#### Supplied data

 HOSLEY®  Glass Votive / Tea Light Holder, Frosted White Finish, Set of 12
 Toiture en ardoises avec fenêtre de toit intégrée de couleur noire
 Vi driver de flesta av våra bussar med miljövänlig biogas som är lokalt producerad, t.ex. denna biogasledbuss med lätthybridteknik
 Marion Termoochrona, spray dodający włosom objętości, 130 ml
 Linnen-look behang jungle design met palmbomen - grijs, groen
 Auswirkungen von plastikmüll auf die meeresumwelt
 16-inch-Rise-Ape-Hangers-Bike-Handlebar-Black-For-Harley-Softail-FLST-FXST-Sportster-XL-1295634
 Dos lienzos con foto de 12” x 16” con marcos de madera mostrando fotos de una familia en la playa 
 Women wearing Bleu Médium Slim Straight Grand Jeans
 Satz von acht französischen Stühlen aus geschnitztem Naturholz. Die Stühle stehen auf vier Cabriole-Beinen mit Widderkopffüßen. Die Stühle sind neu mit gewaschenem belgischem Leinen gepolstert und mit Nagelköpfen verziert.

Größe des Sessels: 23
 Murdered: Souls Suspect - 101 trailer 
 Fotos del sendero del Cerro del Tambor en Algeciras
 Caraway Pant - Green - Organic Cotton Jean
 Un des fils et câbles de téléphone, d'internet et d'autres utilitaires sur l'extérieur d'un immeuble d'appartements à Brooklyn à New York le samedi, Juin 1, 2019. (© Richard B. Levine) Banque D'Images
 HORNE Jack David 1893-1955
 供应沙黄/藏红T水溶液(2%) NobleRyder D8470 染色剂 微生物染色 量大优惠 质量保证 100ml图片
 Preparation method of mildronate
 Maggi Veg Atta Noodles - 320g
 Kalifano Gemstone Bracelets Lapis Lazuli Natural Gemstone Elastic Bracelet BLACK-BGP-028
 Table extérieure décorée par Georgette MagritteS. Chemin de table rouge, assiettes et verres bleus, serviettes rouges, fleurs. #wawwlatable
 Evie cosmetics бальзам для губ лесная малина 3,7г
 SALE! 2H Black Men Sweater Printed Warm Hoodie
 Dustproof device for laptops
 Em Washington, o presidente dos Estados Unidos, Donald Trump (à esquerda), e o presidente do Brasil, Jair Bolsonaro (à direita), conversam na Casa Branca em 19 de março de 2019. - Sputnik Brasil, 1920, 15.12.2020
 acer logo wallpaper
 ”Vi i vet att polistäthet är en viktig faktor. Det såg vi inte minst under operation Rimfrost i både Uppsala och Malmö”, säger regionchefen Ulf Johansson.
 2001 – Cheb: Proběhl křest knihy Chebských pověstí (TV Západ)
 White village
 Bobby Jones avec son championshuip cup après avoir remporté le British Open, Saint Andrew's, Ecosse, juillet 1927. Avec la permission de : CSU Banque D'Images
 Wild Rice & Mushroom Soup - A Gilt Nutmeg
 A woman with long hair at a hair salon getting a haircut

########

__Task item__. All lines carrying the word "White" must be copied from the data above.

__Output__.
 HOSLEY®  Glass Votive / Tea Light Holder, Frosted White Finish, Set of 12
 White village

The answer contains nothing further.